Os restantes centros de acolhimento, apesar de também terem profissionais de saúde, não estavam em número suficiente para fazer face à demanda das famílias deslocadas. Igualmente, constatou-se que havia falta de medicamentos básicos e outros insumos de saúde.


“Temos quase tudo, não posso negar. Não nos falta comida, onde dormir, embora estendemos as nossas capulanas, precisamos de redes mosquiteiras, assim como antidiarreicos para nos prevenir das doenças”, disse Manuel Cabinde, umas das vítimas das cheias e morador do bairro Campuane.
Aliado a este problema, a falta de medicamentos constitui outro constrangimento. Anastácia Cabral é uma das vítimas que ficou afectada pela situação, “pois um dos meus filho sentiu-se mal e quando levado para a assistência, os profissionais informaram-lhe que não havia fármacos e que devia esperar até que fossem disponibilizados pelos serviços distritais de saúde.”
URGE UMA PLANIFICAÇÃO INTEGRADA
Sobre estas constatações, o OCS concluiu, em primeira instância, que o país não possui um plano de contingência eficaz, porque em todos os anos, estes fenómenos afectam as pessoas de igual forma.
As lições do passado deviam servir de aprendizado e modelo para evitar situações piores como as que se fazem sentir actualmente. Por outro lado, é urgente uma planificação sectorial para mitigar estas situações.
A construção de infraestruturas em zonas de risco, mostra, igualmente, a falta de intervenção do Governo, pois todo tipo de empreendimento erguido, em qualquer zona, precisa de autorização.

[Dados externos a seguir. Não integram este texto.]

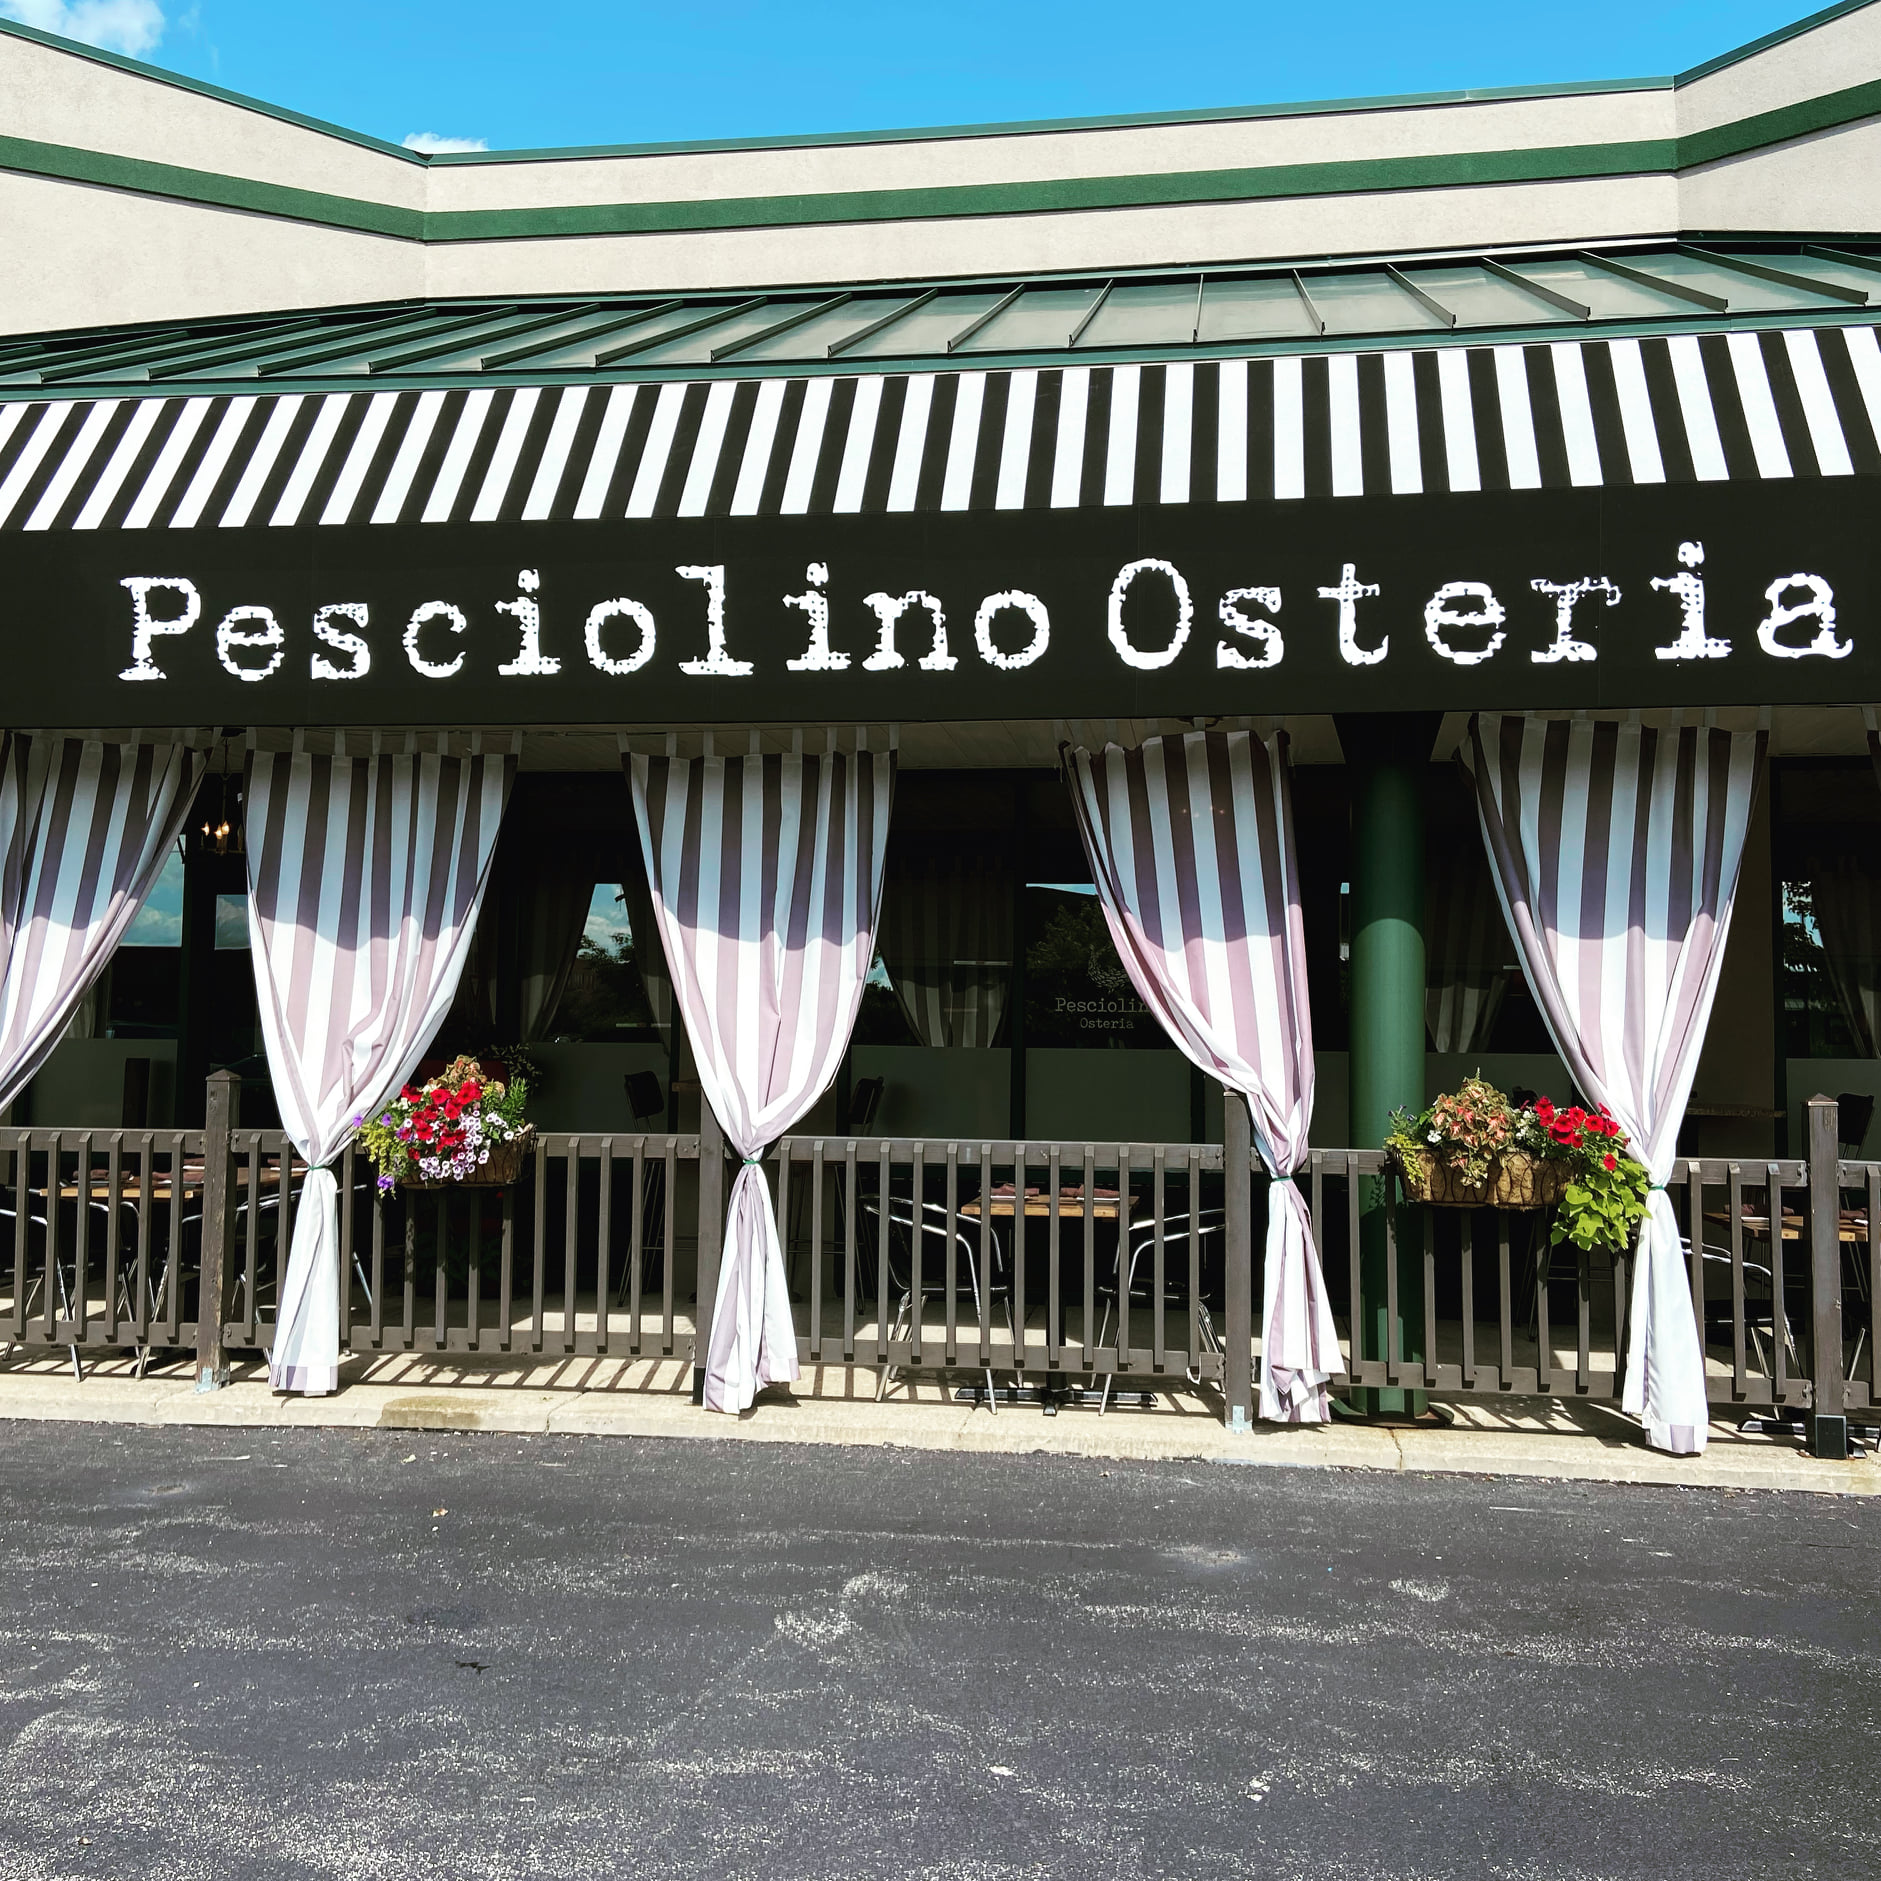 Pesciolino Osteria outside patio

Não faz sentido que uma infraestrutura seja levantada nestas zonas e depois se diga que a mesma não devia ter sido construída. Onde andam as autoridades antes da construção das habitações?

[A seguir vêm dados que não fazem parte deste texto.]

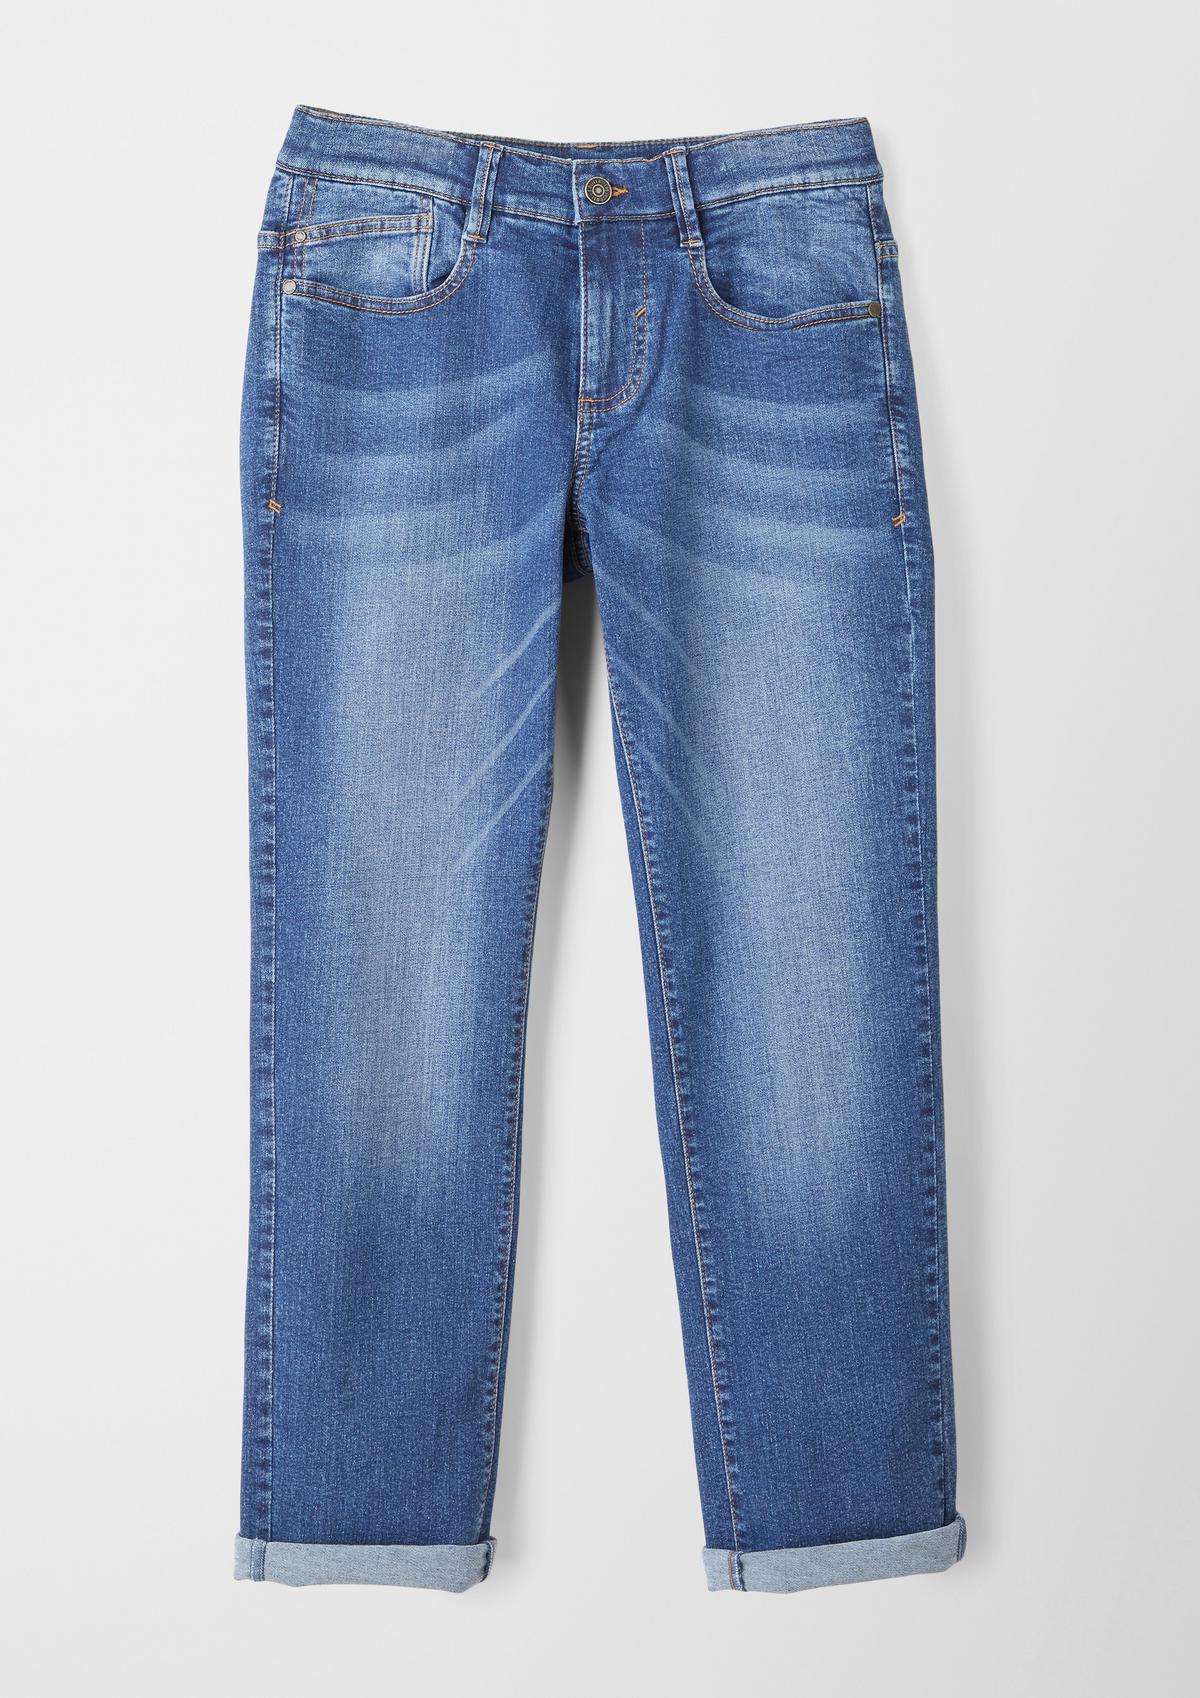 Jeans Pete / Regular Fit / Mid Rise / Straight Leg - ozeanblau

Em Moçambique, os desastres naturais são cíclicos e, em quase todos os anos, as zonas afectadas são as mesmas. O facto de termos as mesmas pessoas a sofrerem pelos mesmos problemas, incluindo a perda de vidas humanas, representa a inexistência de um plano de contingência capaz de responder a estas situações. Para o OCS, a planificação integrada pode ajudar a mitigar os impactos catastróficos destes fenómenos.